Introduction

Prevalence of autoimmune diseases is 3–5% in the general population [1, 2]. Observation of poly-autoimmunity (more than one autoimmune disease in the same person) and/or familial autoimmunity (more than one autoimmune disease in the same family) have suggested that autoimmune diseases share some genetic risk factors and biological pathways [3]. Consistent with this observation, some genetic loci/genes have been found to be associated with multiple autoimmune diseases such as 6p21/MHC, 2q33/CTLA4, 2q32/STAT4, 18p11/PTPN2, 1q32/IL10, 7q32/IRF5, 1p31/IL23R [4]. These shared loci/genes may influence the susceptibility for different diseases through the effects of the same or different genetic variations [5,6,7].

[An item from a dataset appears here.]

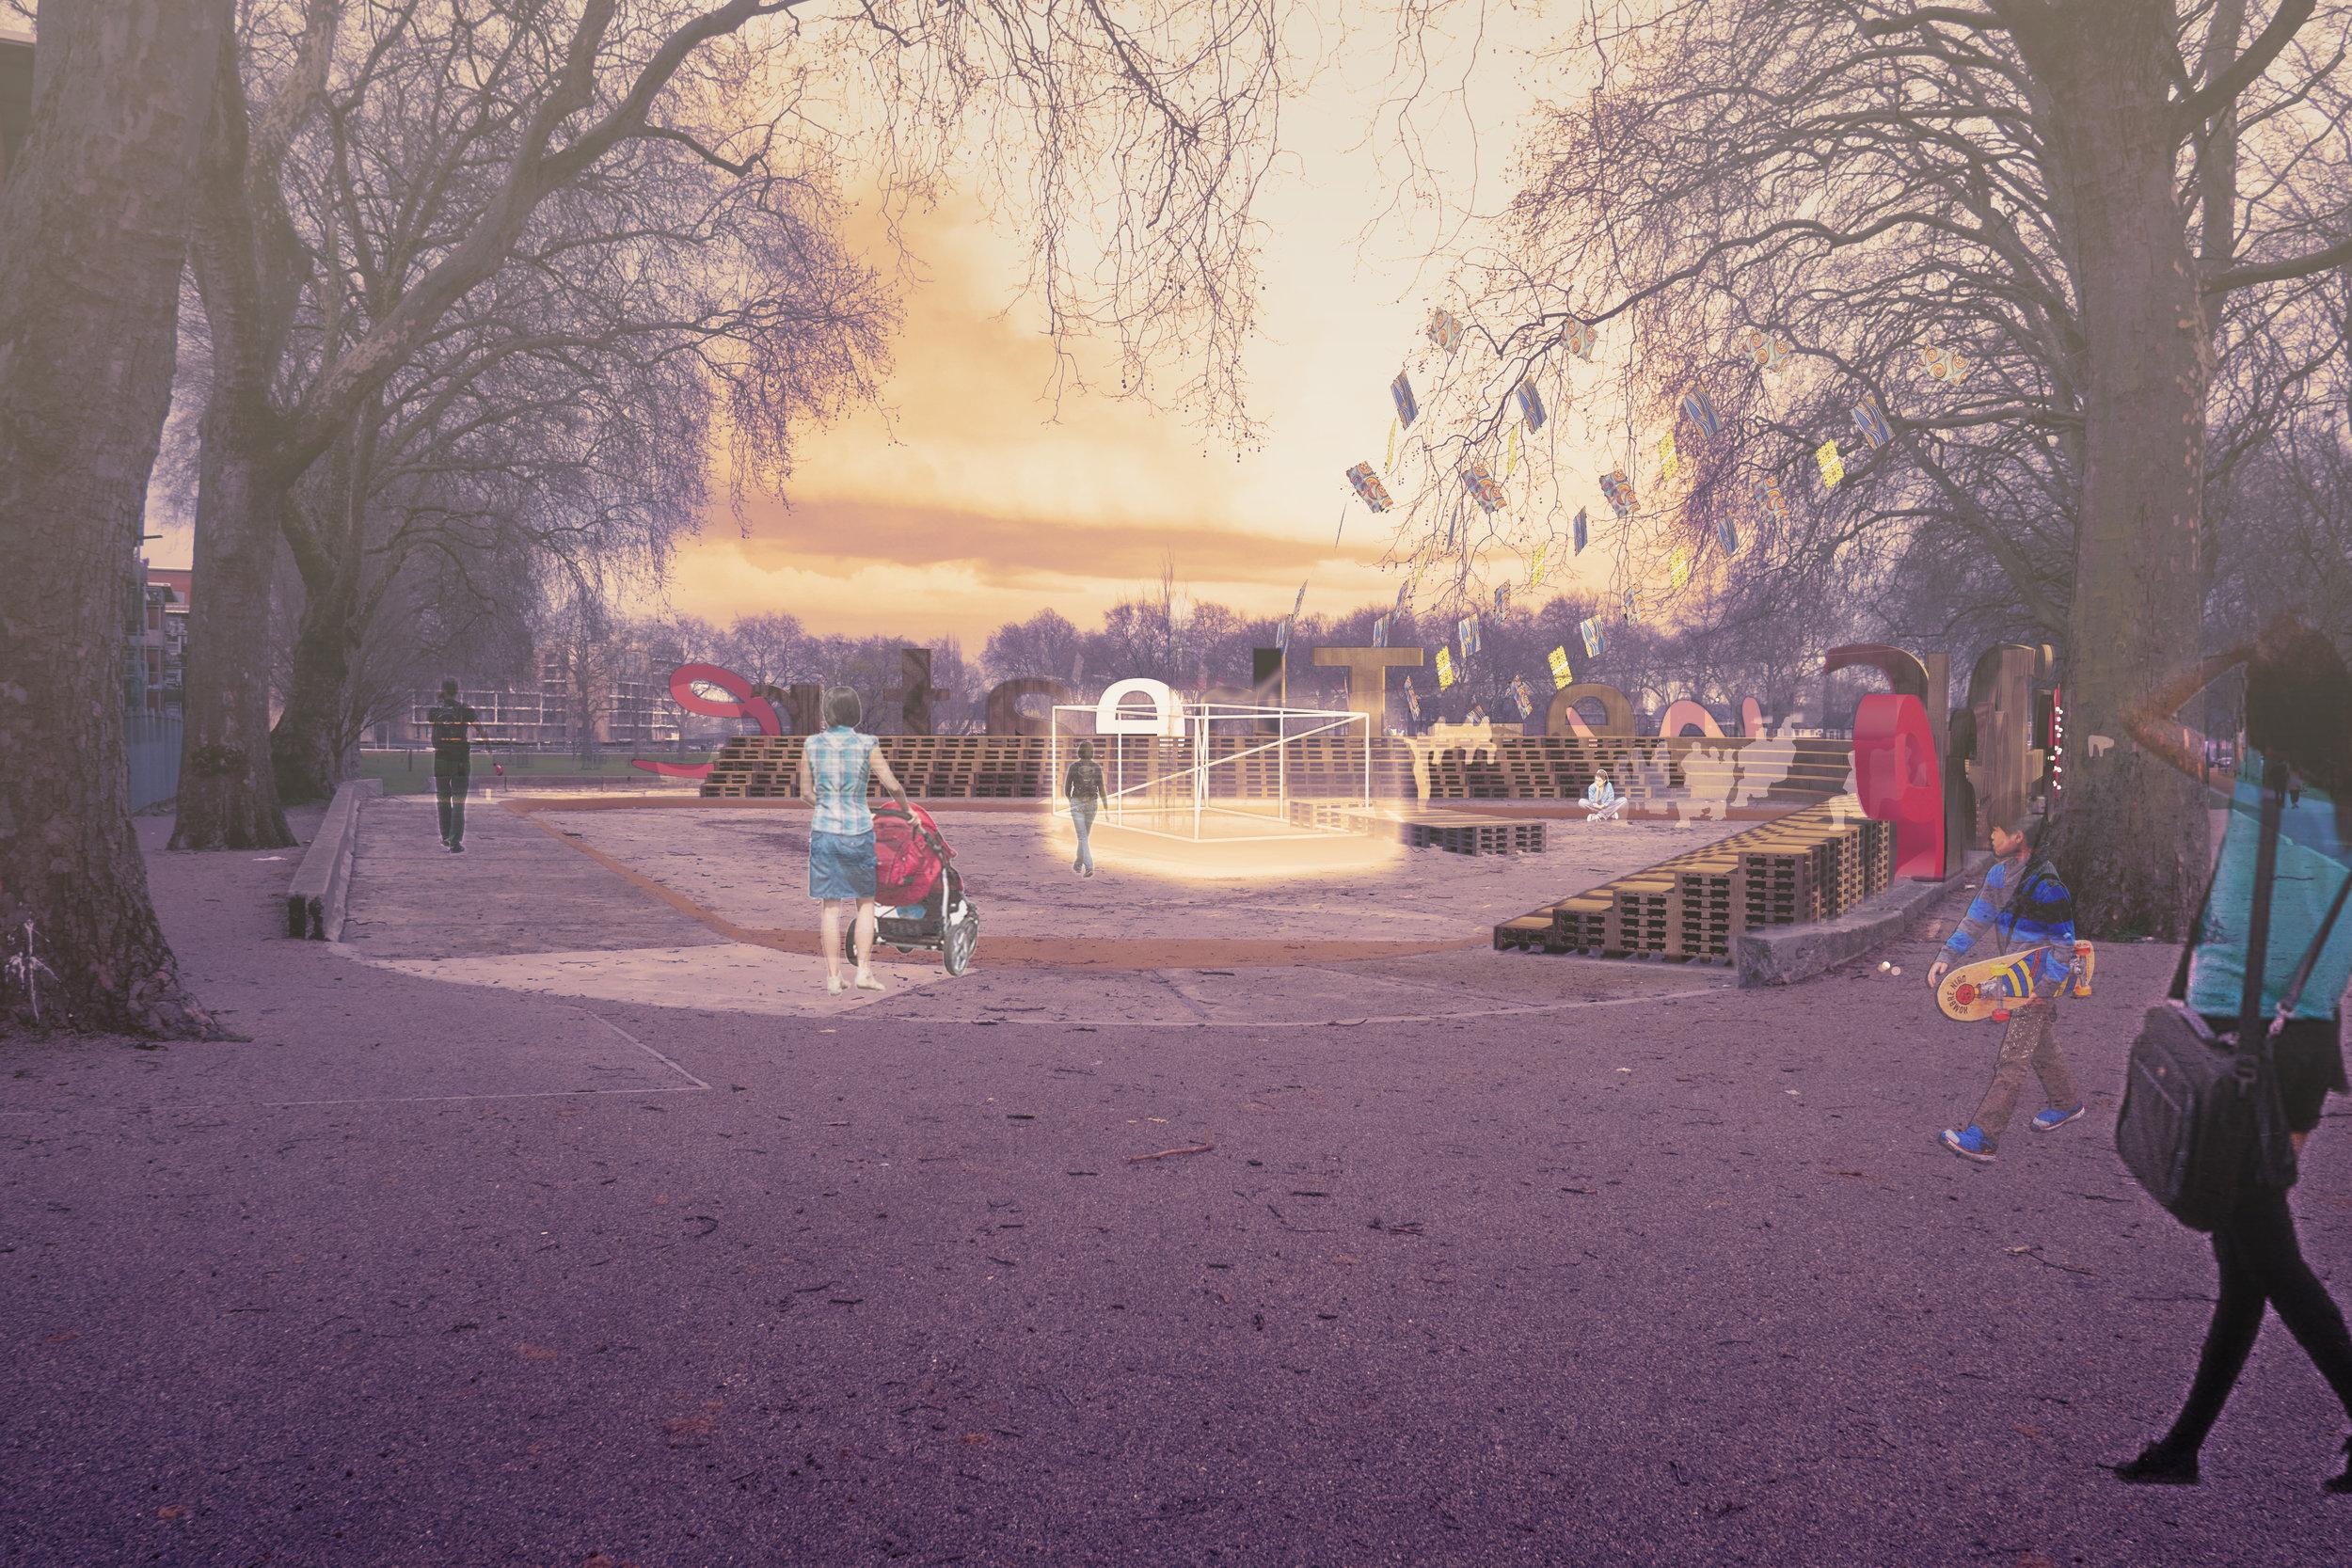 Cine - Theatre Concept Image - Twilight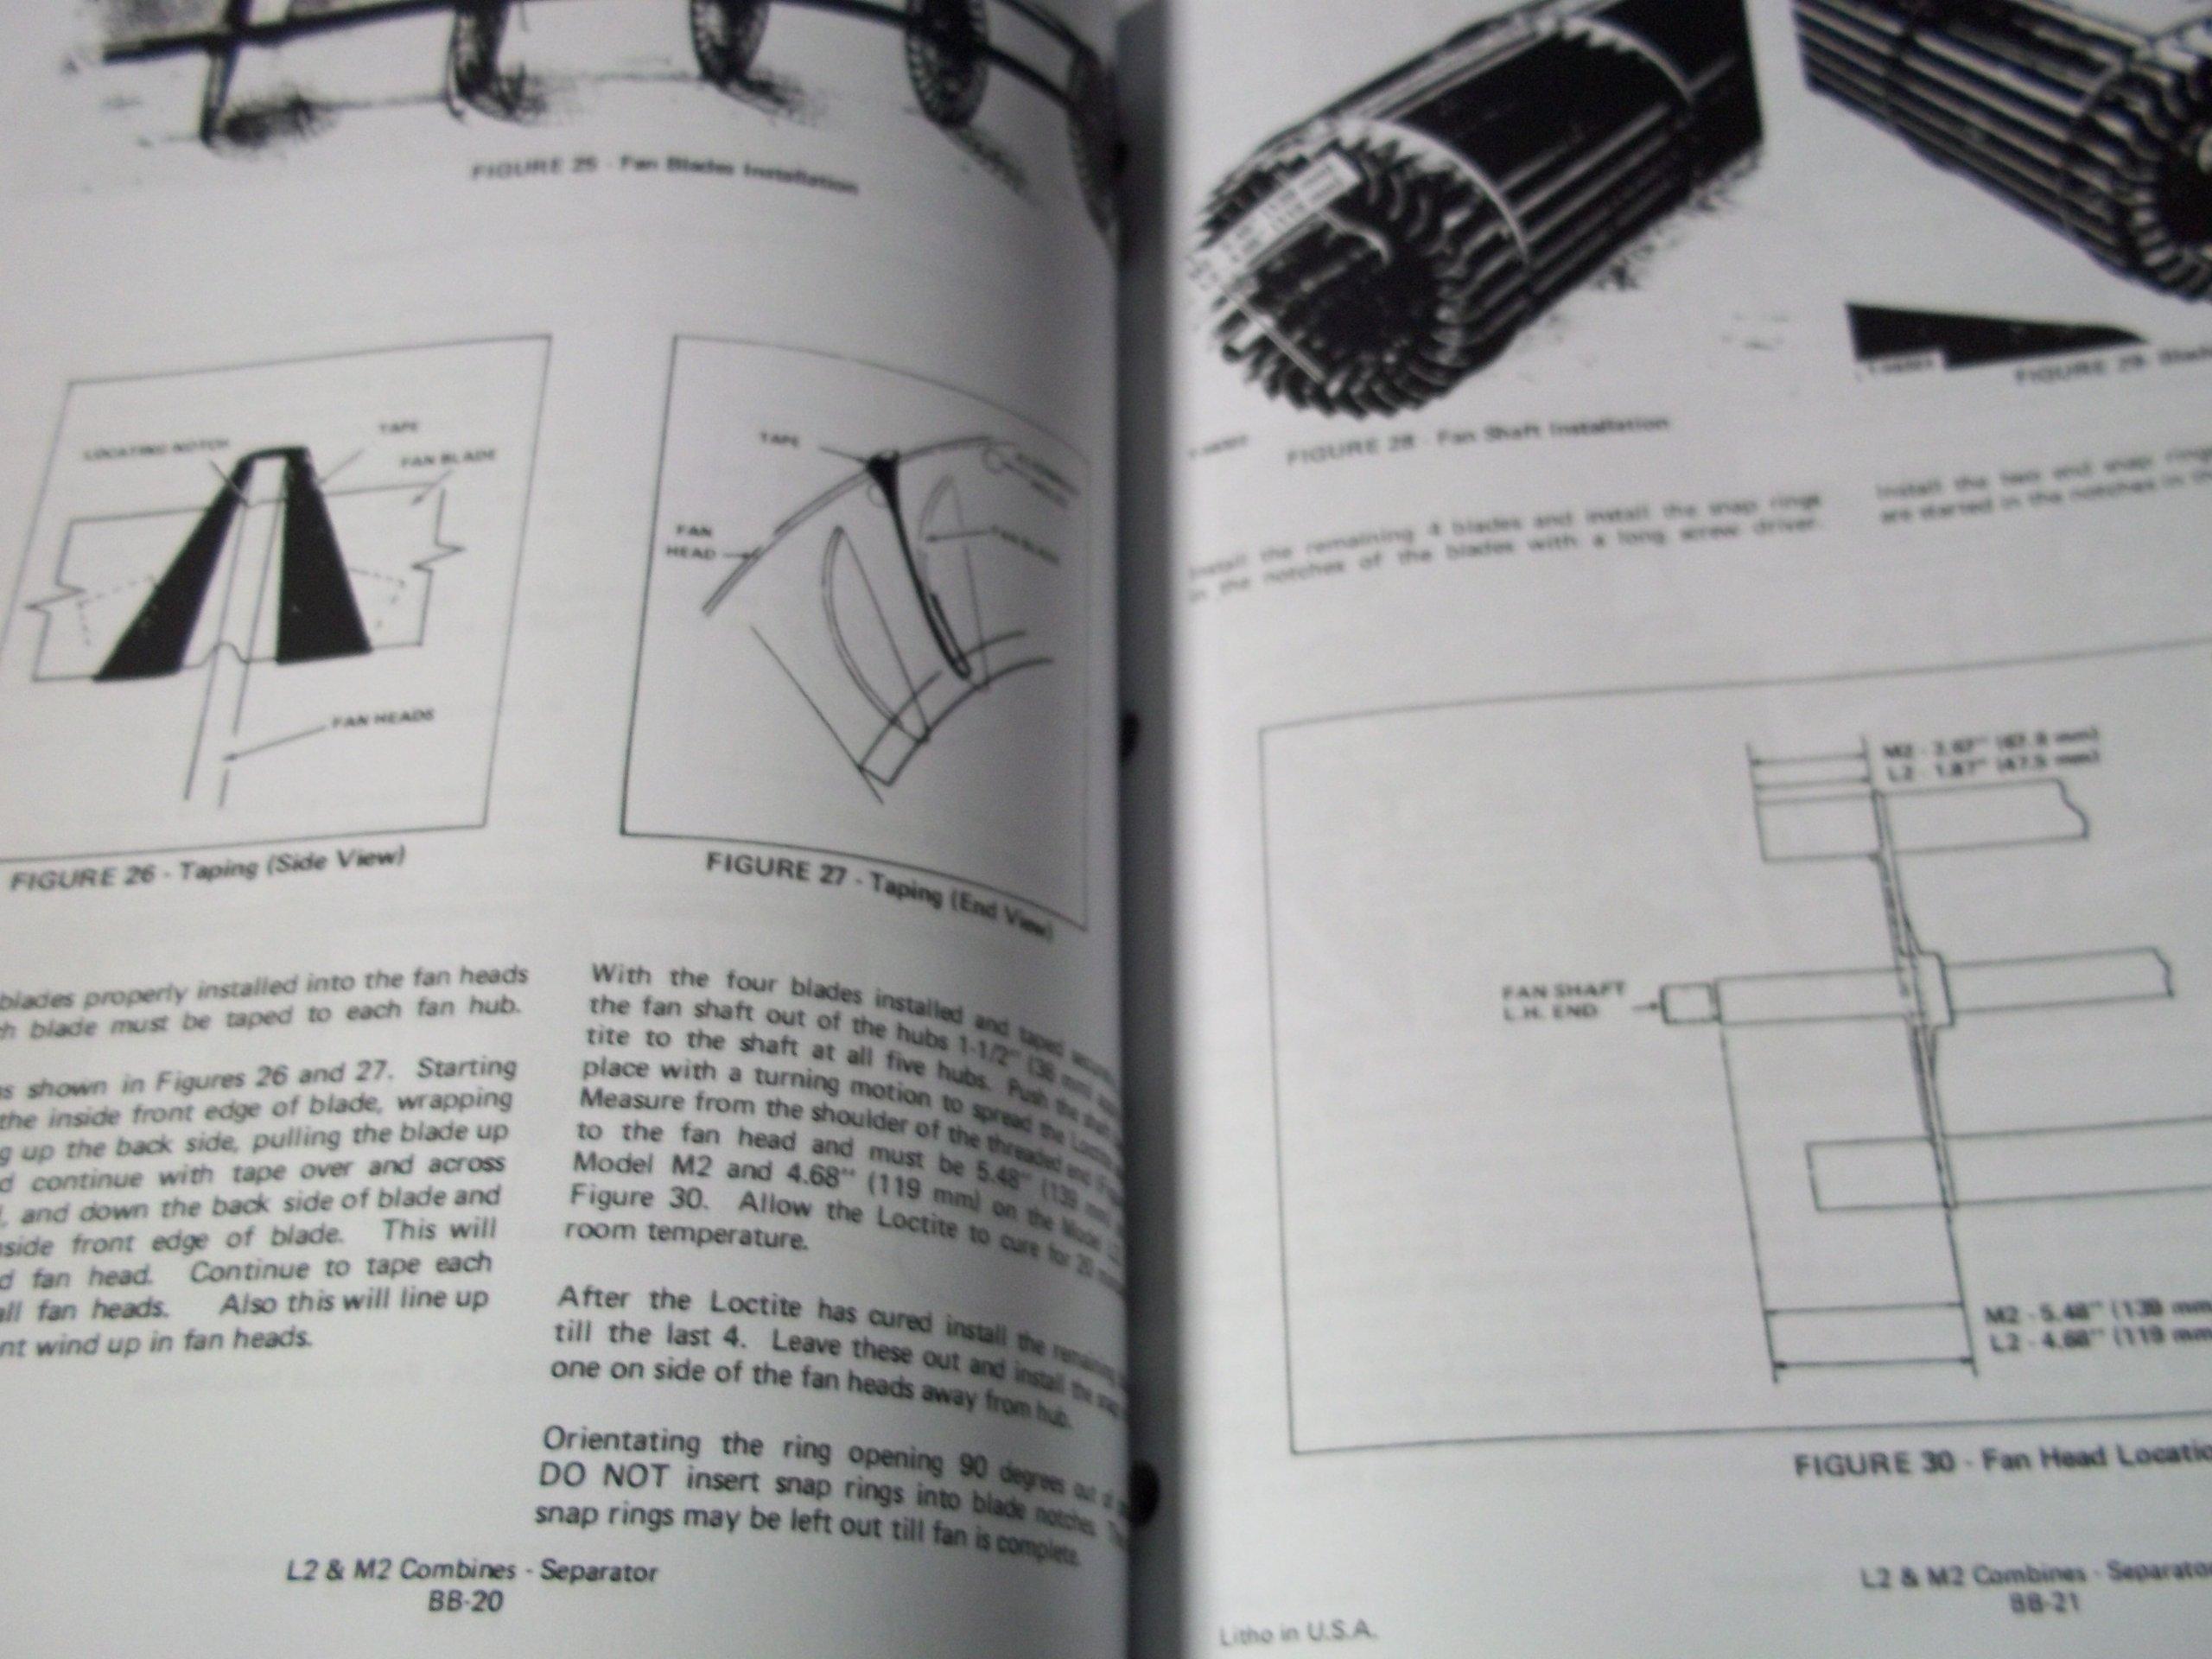 Deutz Allis L2 & M2 Gleaner Combine Service Manual: Deutz Allis:  Amazon.com: Books

Rheumatoid arthritis (RA) is a complex, systemic, chronic, inflammatory, autoimmune disease characterized by synovial inflammation of mainly small joints and autoantibodies production, which may lead to physical disability associated with the socioeconomic burden and in severe cases, an early death [8, 9]. The interplay of genetic and environmental factors triggers the onset of RA with an estimated heritability of ~ 60% [10]. Multiple genome-wide association studies (GWAS), have identified ~ 50 genetic loci for RA susceptibility [11], with a major contribution from the MHC locus [12].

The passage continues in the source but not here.